Por Gabriel Guerrero Gómez
Slava Taideff se inclinó y salió de la habitación guiado por Mesala. Una patrulla de fornidas Walkirias imperiales se les unió. A medida que avanzaban, a ambos lados del corredor, Slava Taideff pudo apreciar sendos bustos esculpidos en mármol de antiquísimos músicos.
Inesperadamente, las luces del pasillo parpadearon hasta casi extinguirse. La presión agarrotó sus músculos. Un sudor frío empapó su frente. ¿Asesinarme? Soy valioso para él todavía, pensó Slava Taideff. Mesala hizo una seña a una de las Walkirias.
—Llamad a mantenimiento inmediatamente, Capitán.
Slava Taideff carraspeó. El corazón le dio un vuelco.
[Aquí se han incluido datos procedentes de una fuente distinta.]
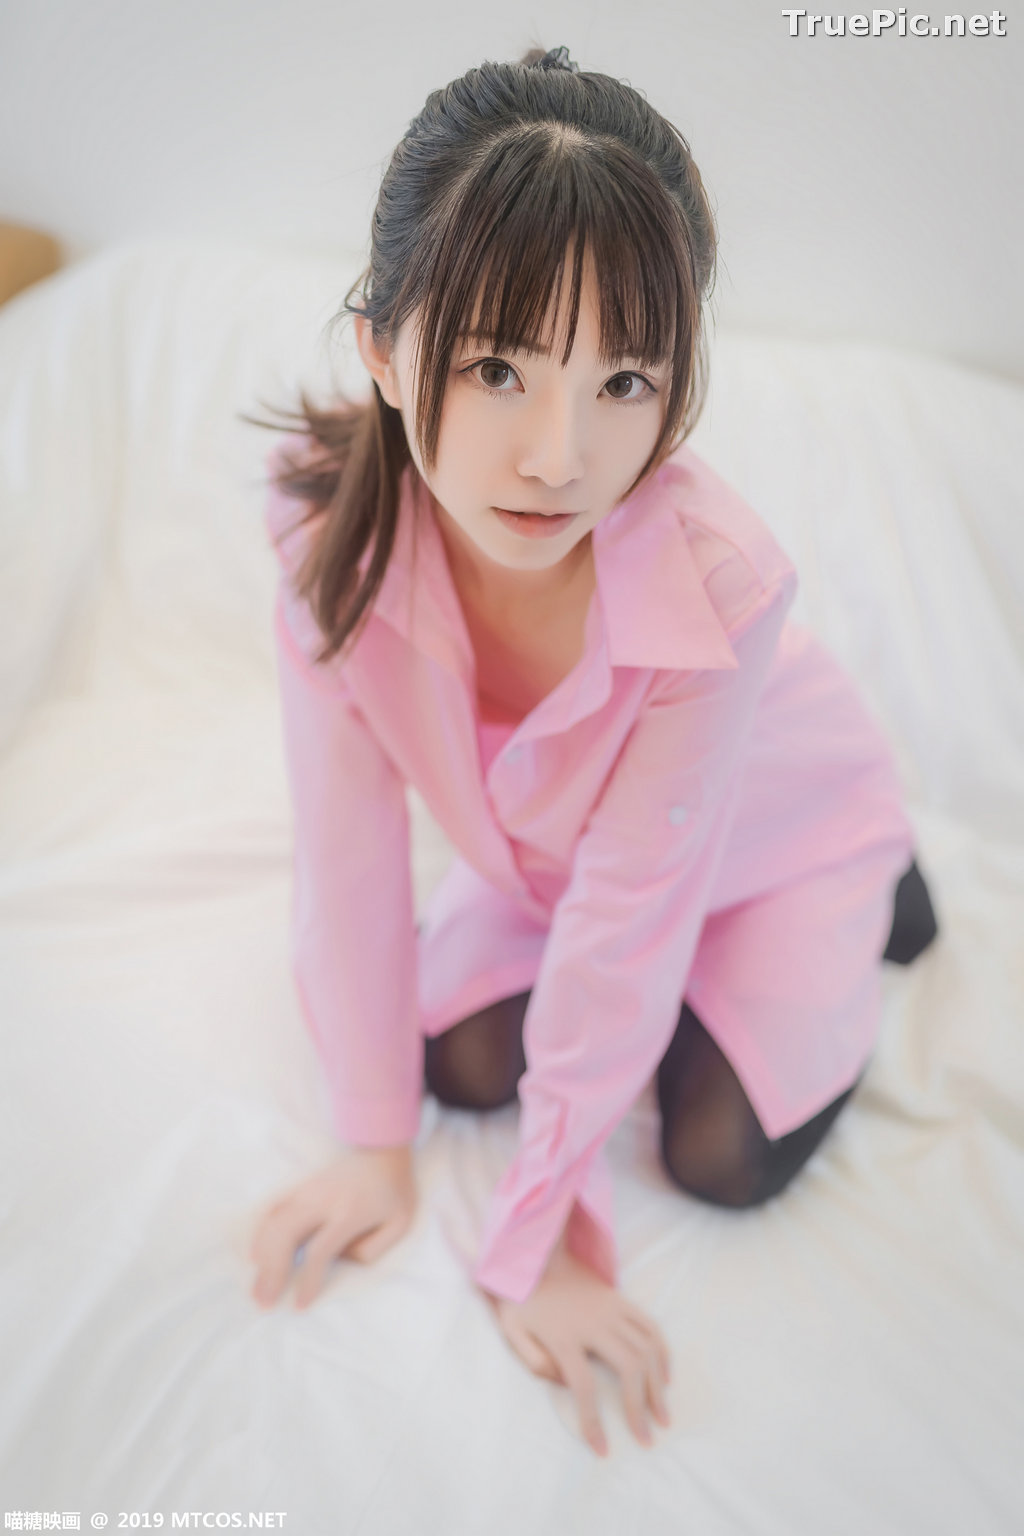 Image [MTCos] 喵糖映画 Vol.022 – Chinese Model – Pink Shirt and Black Stockings - TruePic.net - Picture-23

—Dadme solo un minuto, mi Señor.
La Walkiria se giró y salió por el corredor de su derecha. Slava Taideff sintió en la oscuridad un picotazo. Se llevó la mano al cuello, en tanto se escuchaba el zumbido de un enorme mosquito que salía por una ventana completamente abierta. Mesala la cerró y aseguró los cierres.
—Este maldito servicio de mantenimiento —murmuró irritado—. Os pido disculpas por este contratiempo, Embajador.
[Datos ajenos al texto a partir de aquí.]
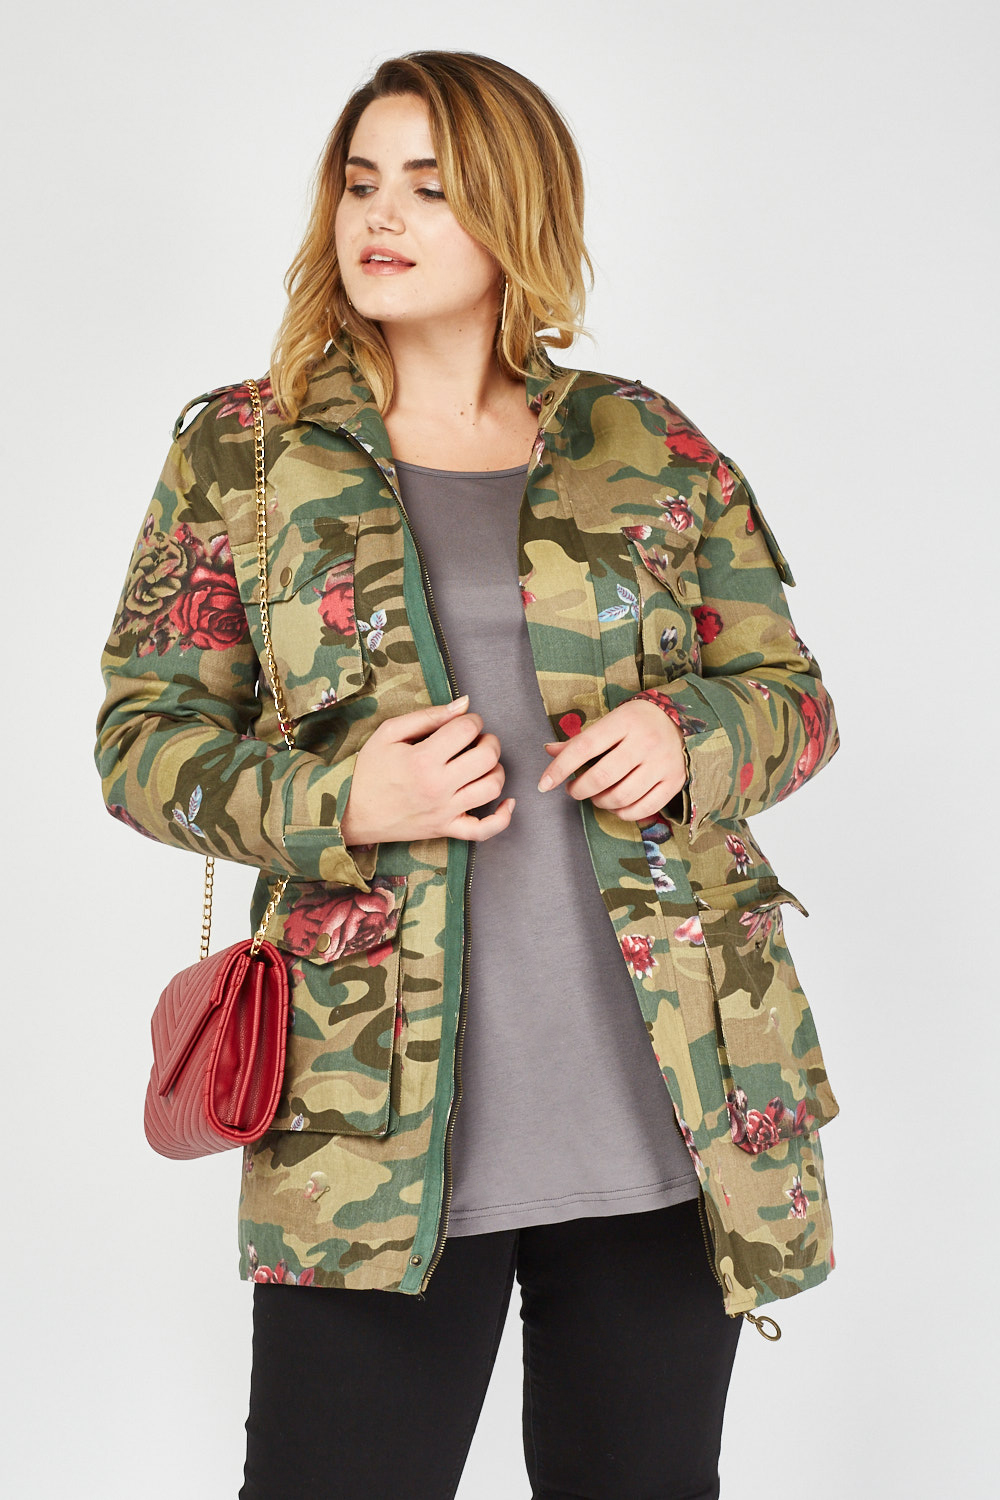 Floral Camouflage Printed Military Jacket - Just $7

Mesala encendió una linterna, cegando por un par de segundos a su ilustre huésped con centelleos luminosos.
—¡Oh! Os ruego me disculpéis, mi Señor —dijo Mesala.
—Estas cosas pasan —dijo serenamente Slava Taideff mientras atra­vesaban varios patios interiores. Ignoraba por completo que Mesala le había implantado un micro rastreador cerca de la nuca, de tal manera que tendrían siempre controlados los movimientos del Embajador de la Heptarquía Septem en el planeta Thenae.
Las luces volvieron a iluminar los pasillos.
Dos Walkirias se les unieron. Observó su indumentaria. Finos monos negros que se les adaptaban perfectamente mostrando una fornida y hermosa silueta, débilmente disimulada por una amplia capa con el escudo imperial bordado en su pecho izquierdo. Las retinas de Slava Taideff se posaron en la espalda de Mesala.
Se había recuperado de su estado de shock inicial. Una furtiva sonrisa se formó en los labios de Slava Taideff. Este sí que es un elemento de cuidado, pensó. Poseía, al parecer, conocimientos sobre la vida privada de personas rele­vantes, ya fueran políticos, banqueros o militares, tanto dentro como fuera del Imperio. Slava Taideff de sobra sabía que si intentase traicionar al Imperator o al Conde, este le exterminaría sin pestañear.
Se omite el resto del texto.